Saturday, December 3, 2011

My Top 25 Christmas Movies List: #23 The Chronicles of Narnia - The Lion, The Witch and The Wardrobe

The Lion, The Witch and The Wardrobe (2005)


       Now I know that The Lion, The Witch and The Wardrobe is not really considered a "Christmas movie" but it makes me think of Christmas since most of the film is set during the winter and Father Christmas makes a brief appearance to present the children with gifts to aide in their journey.

      Based on the book series by C.S. Lewis, this film tells the story of the four Pevensie children: Peter, Edmund, Susan and Lucy that are transported through a magical wardrobe into a snowy wonderland called Narnia. They soon discover that Narnia is been ruled by an evil White Witch, named Jadis, that has caused it to remain in a perpetual winter for over 100 years. 

     Upon meeting a couple of talking beavers, they learn that they are thought to be part of a prophecy that says that "two daughters of Eve" and "two sons of Adam" would defeat the White Witch and help restore Narnia to the true and rightful King of Narnia, the great lion Aslan. Edmund leaves his family behind to find the Queen's castle, in hopes of gaining the throne himself, as she once promised him. 

      After somewhat of a treacherous journey, they finally meet the majestic Aslan at his encampment where they prepare for battle. Later that night Edmund is rescued from the clutches of Jadis and after a talk with Aslan in his tent, he is reunited with his siblings and forgiven for his actions.

      Jadis, infuriated by this, arrives at the camp demanding Edmund surrender to her for execution and after a private discussion with Aslan she surprisingly leaves without the boy. That night, Aslan exits camp and heads towards the Stone Table. Susan and Lucy beg to go with him but he asks them to stay behind and "trust him". He peacefully surrenders himself to Jadis and her hoard of evil creatures where they begin ritually torturing him and barbarically cut his beautiful mane. Ultimately, his life is ended by a single knife stroke at the hands of Jadis.

      Susan and Lucy discover their beloved Aslan strewn across the Stone Table and begin weeping over his lifeless body. They send the message of his death to their brothers through the tree spirits. 
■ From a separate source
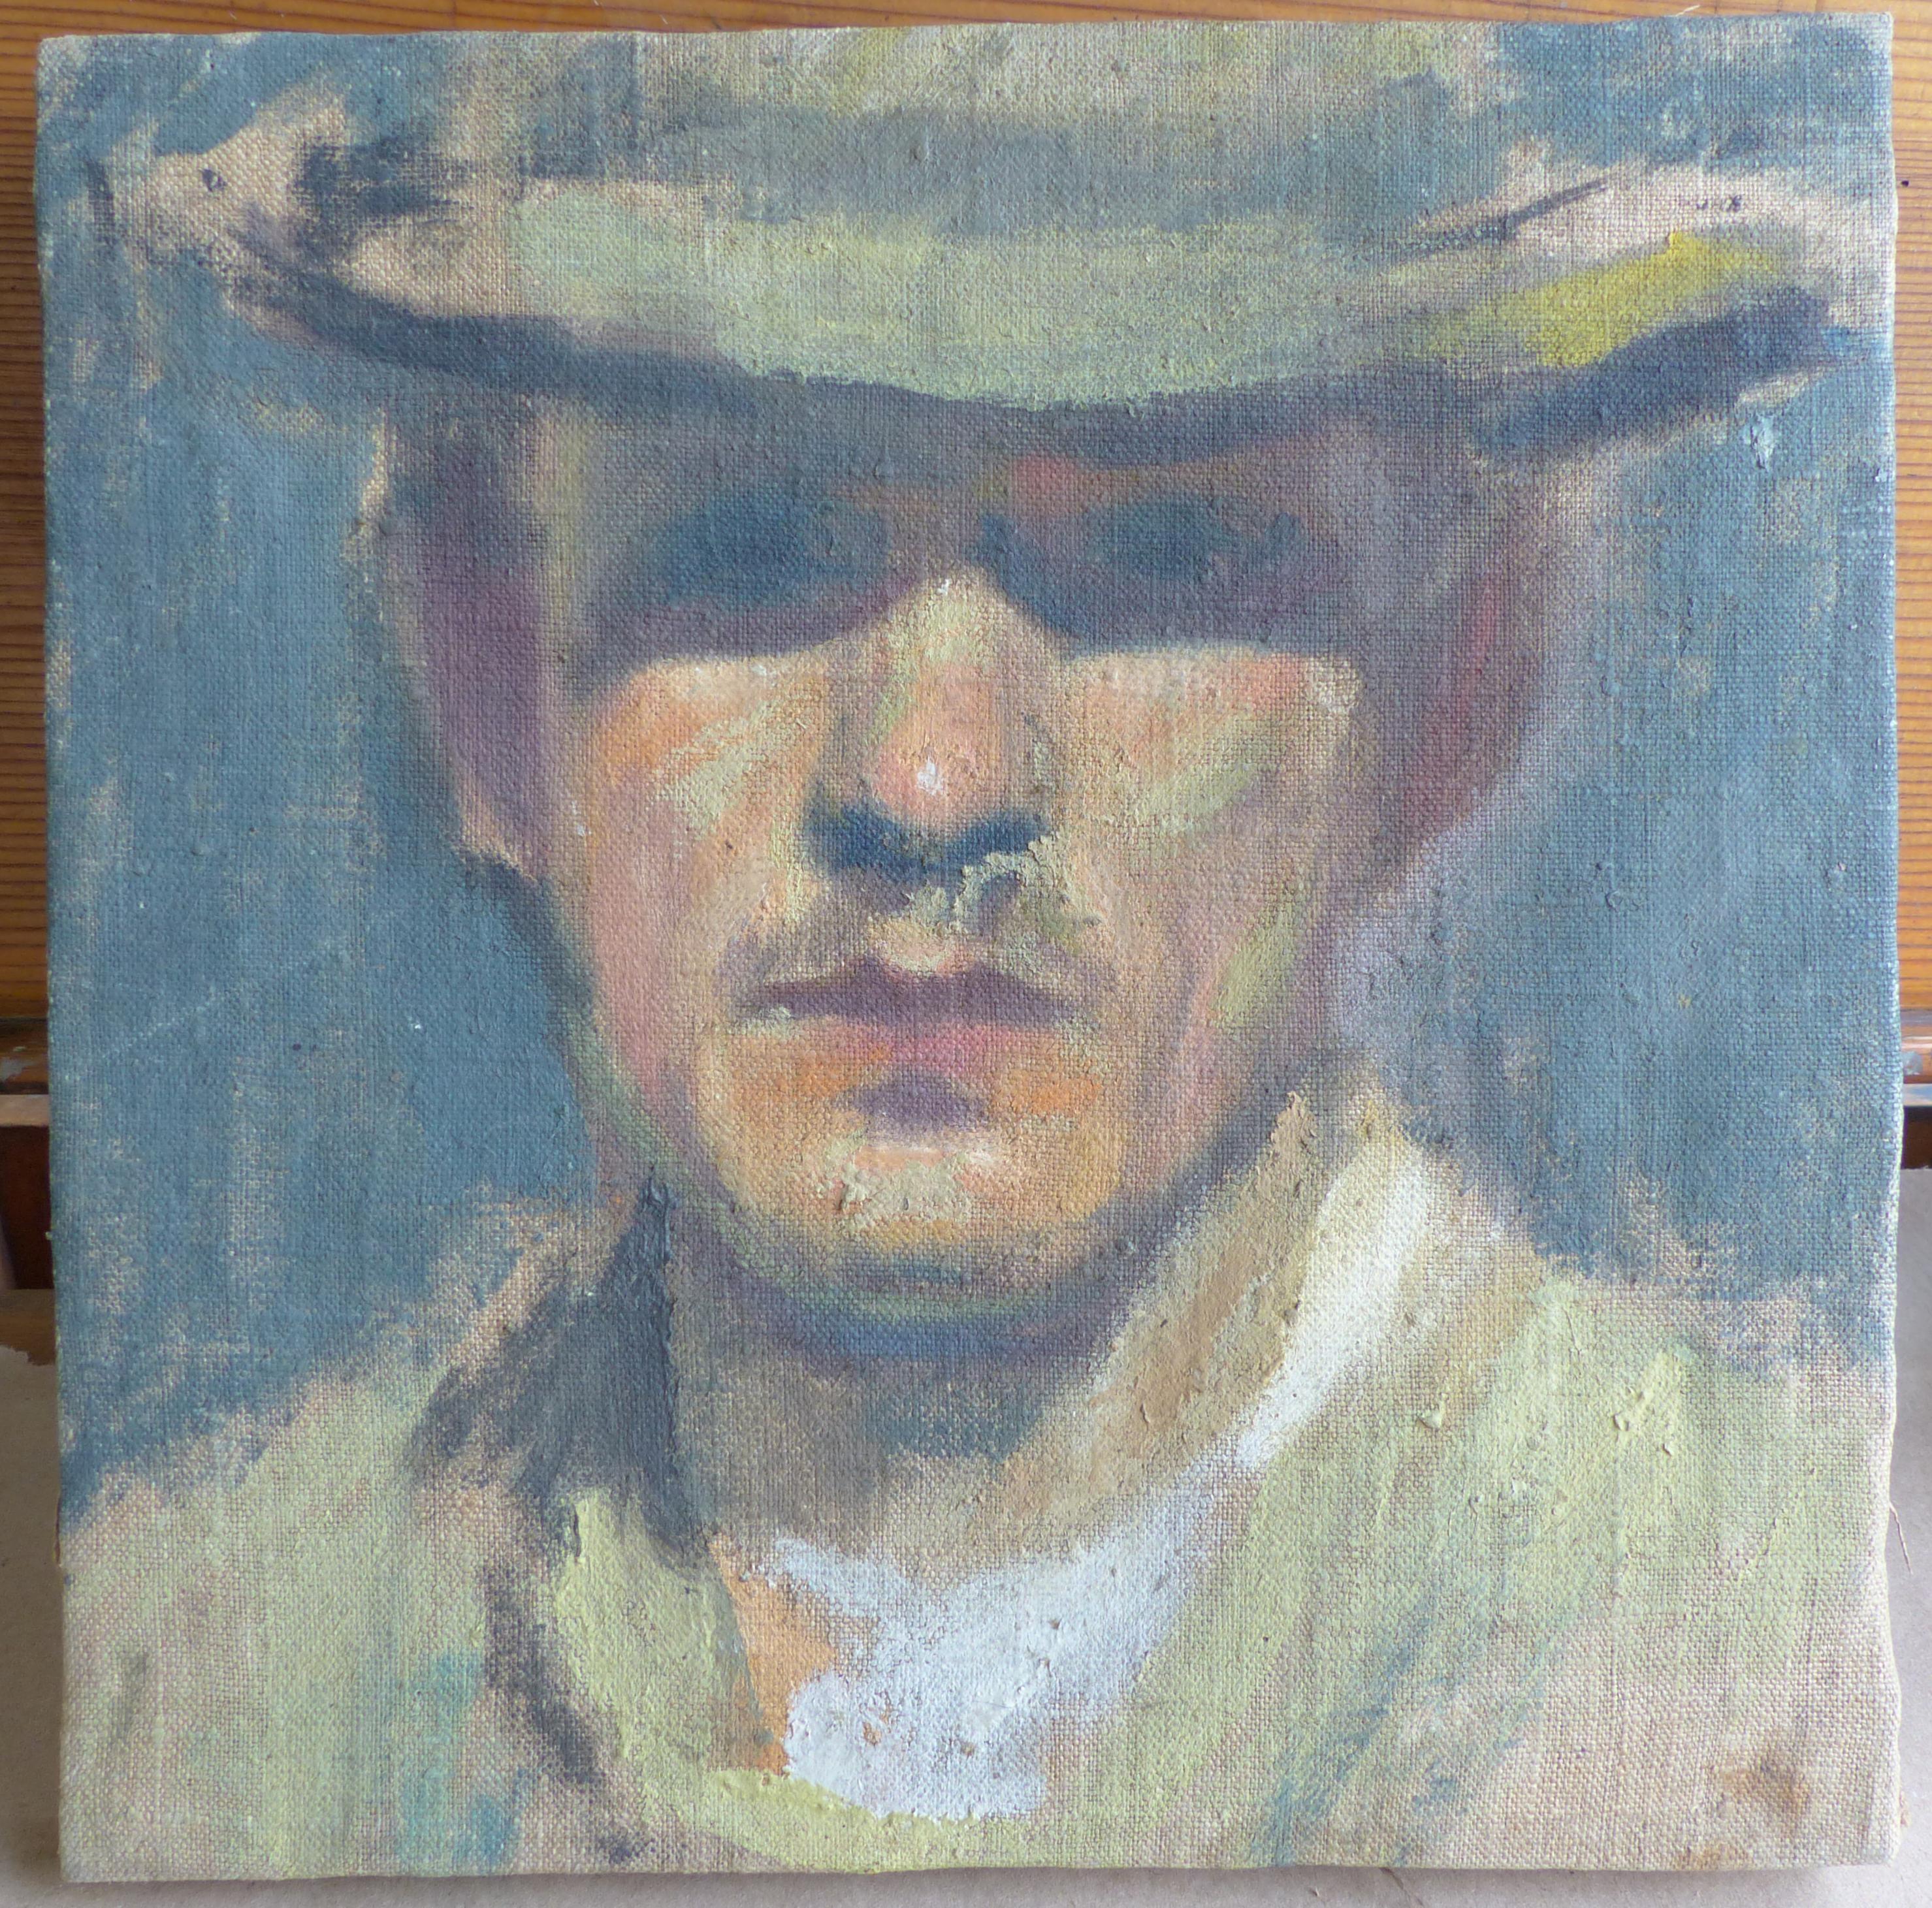 Joachim Selfportrait (before)

     Upon hearing this sad news, Edmund tells Peter that now he should take charge of Aslan's army. Peter is unsure of himself and if he will be able to take on this difficult task but Edmund assures his older brother that Aslan believed in him and so does he. The next day the great battle against Jadis' army unfolds. 

     
      I don't want to tell you what happens next because I would hate to spoil the experience of the emotions you feel when you watch the ending of this film. There are no words to explain it. I would love for you (and your children) to experience this for yourselves and that is why I will go no further in my summary. Please take the time to watch this film during this holiday season, I am positive that you won't regret it. It's a message of love and sacrifice, the same message of a life that began on the very first Christmas. It's a beautiful story and a beautiful film.